• The task:
The lines below, from the one containing "Drei antike japanische" through the one containing "Maße - 17,75", should be set down exactly, with no pictures and nothing else.

• Data for analysis:
"""

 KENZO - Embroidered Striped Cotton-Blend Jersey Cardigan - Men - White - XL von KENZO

"""
"""

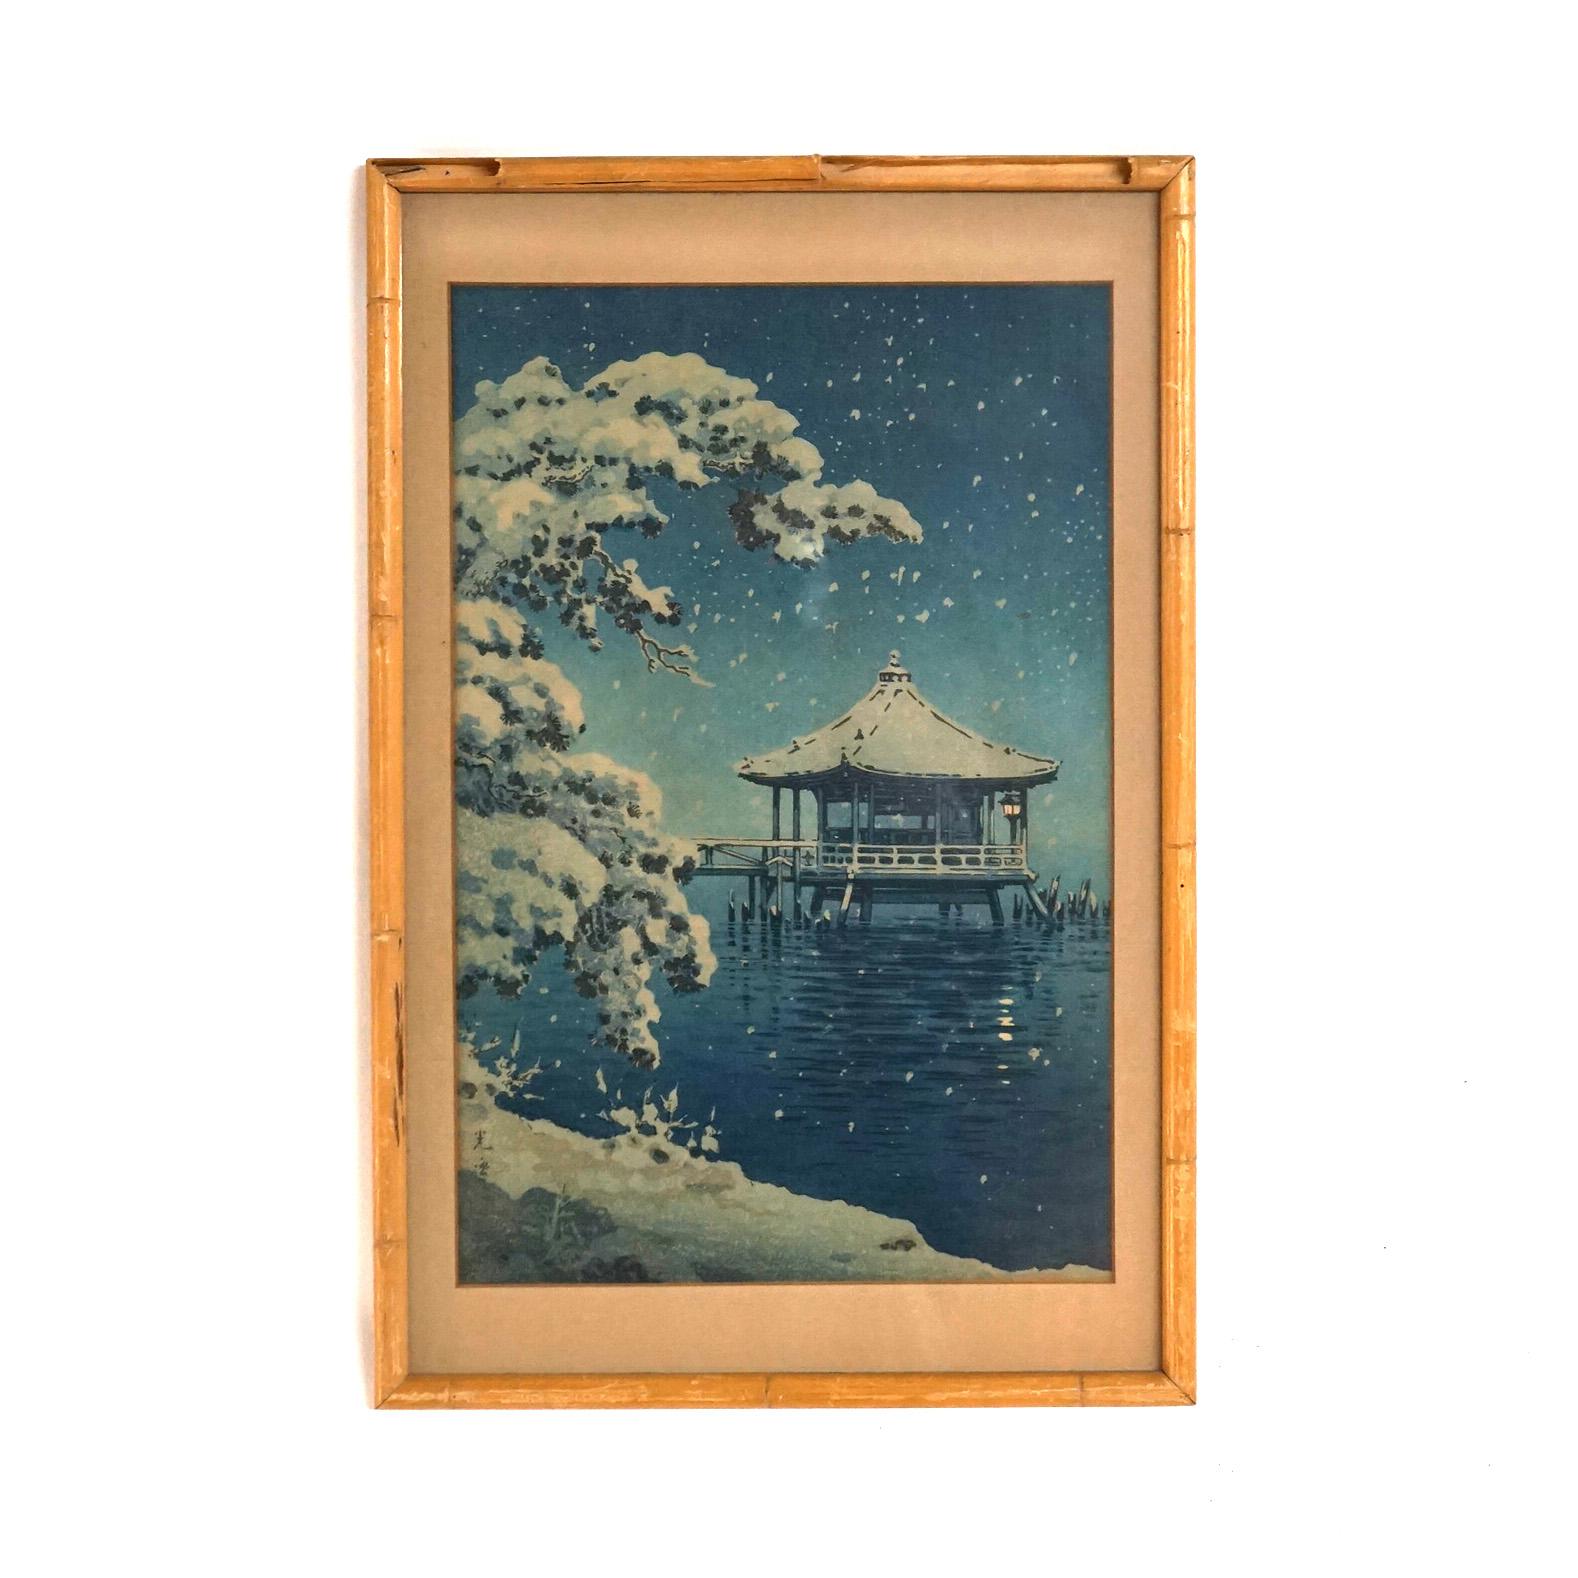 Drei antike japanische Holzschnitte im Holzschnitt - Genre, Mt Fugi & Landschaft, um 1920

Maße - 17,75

"""

• Task result:
 Drei antike japanische Holzschnitte im Holzschnitt - Genre, Mt Fugi & Landschaft, um 1920

Maße - 17,75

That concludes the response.